She tiptoed down the hallway. Past her own room, which had just been redecorated and was, in her father’s words, “the prettiest room for the prettiest girl,” awash in shades of pale green with light pink trim.
Another sound. She wasn’t about to stop for dry clothes. Not when her father might be hurt or tied up. She’d be brave and save him. She’d need a weapon or something, though. Like a knife. Or a gun. Her father kept guns in his study. One of them used to belong to Teddy Roosevelt. Should she get it?

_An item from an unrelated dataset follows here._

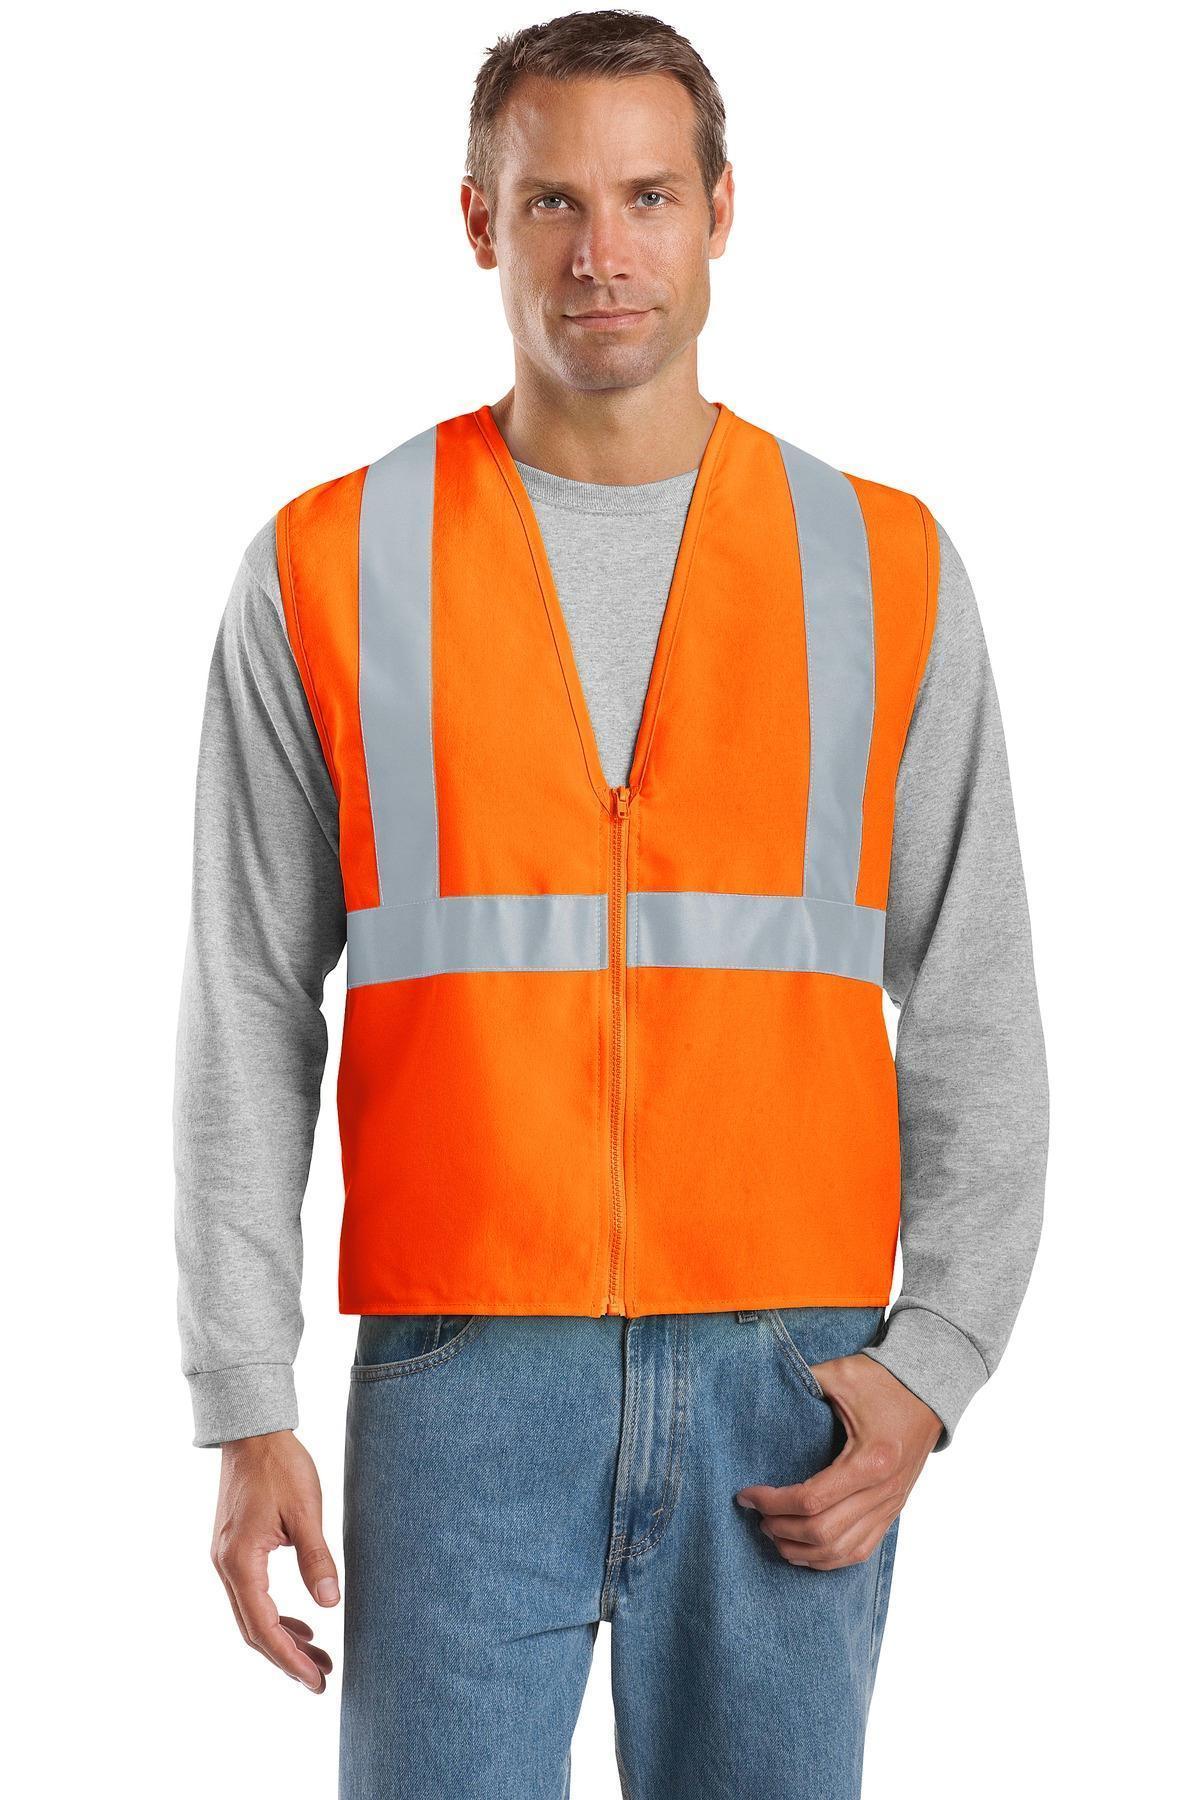 CornerStone ANSI 107 Class 2 Safety Vest. CSV400 Safety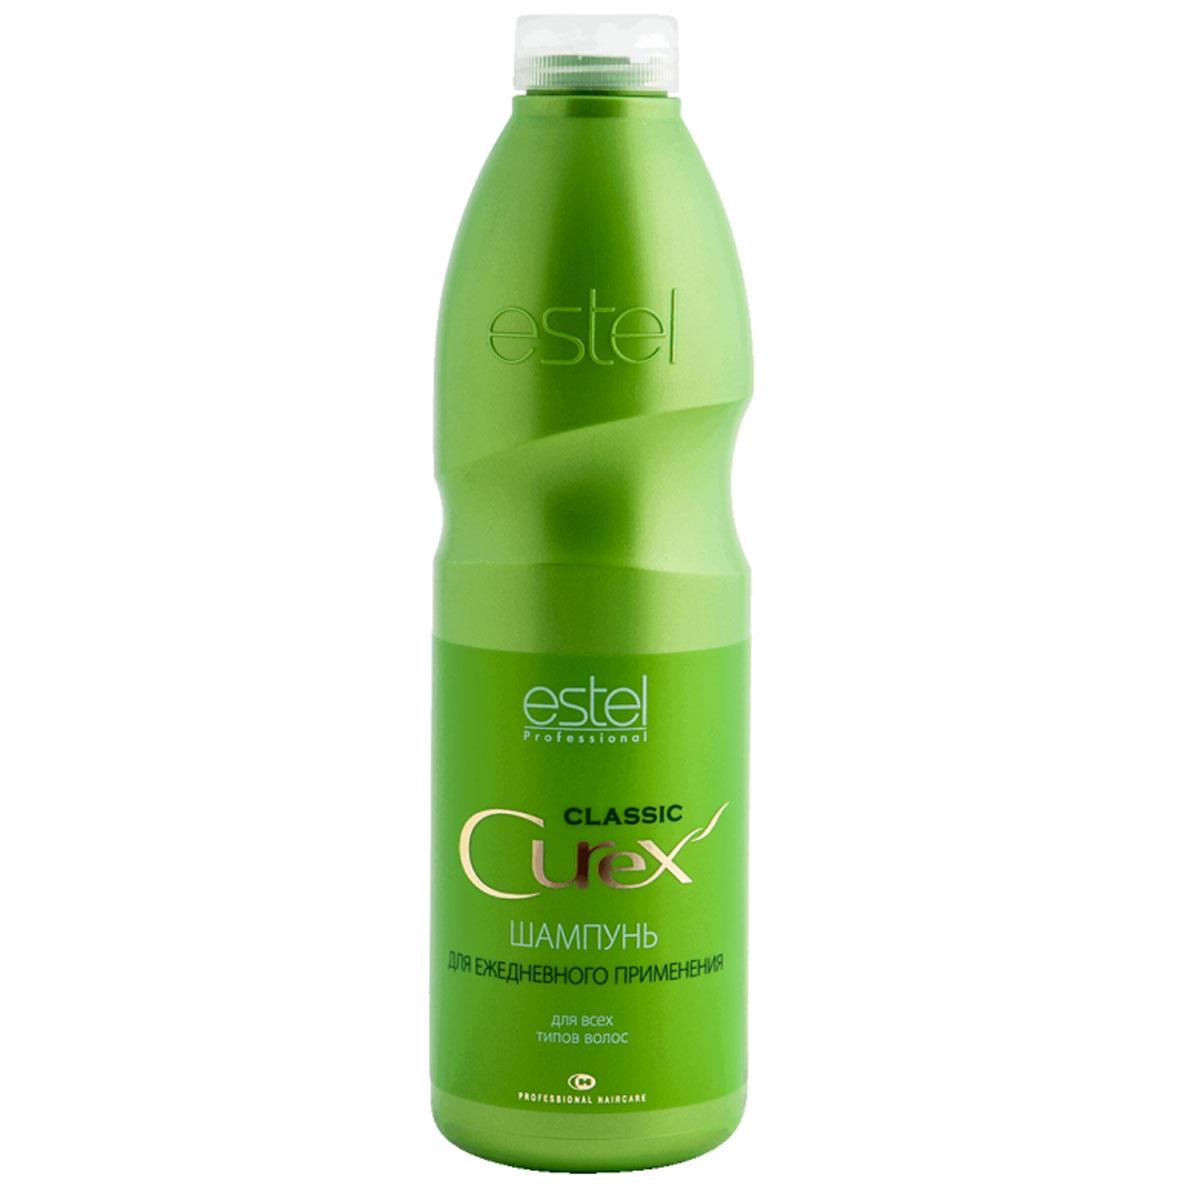 Estel Curex Classiс Шампунь Увлажнение и Питание для ежедневного применения 1000 млCU1000/S8ESTEL CUREX CLASSIC ШАМПУНЬ «УВЛАЖНЕНИЕ И ПИТАНИЕ» для всех типов волос Содержит хитозан, который увлажняет волосы и предохраняет их от потери влаги. Питающий провитамин В5 укрепляет волосы, придает им эластичность и здоровый блеск. Результат: Здоровые и крепкие волосы Питание и увлажнение Мягкое очищение

Parker’s mouth was sticky and dry, terror nailing her to the floor. Something bad was happening in that room. She knew it. She didn’t want to see it, though. But her father was in that room, and if she went downstairs for the gun, she might miss the chance to save him.
Don’t be so chicken, she told herself. She’d been a chicken yesterday on the high dive. This time, no. She’d be brave. And smart. She’d peek and then if there were bad guys, she’d run really fast and quietly and call the police and then she’d get TR’s gun, and she’d hold the bad guys off until the police came, and her father would be amazed at her courage, and it totally would make up for her not jumping off the high platform.
Her parents’ bedroom was at the end of the hall. There was that grunt again. Oh, God. Her heart thudding, nerves stretched so tight it seemed as if she was floating, Parker opened her parents’ bedroom door.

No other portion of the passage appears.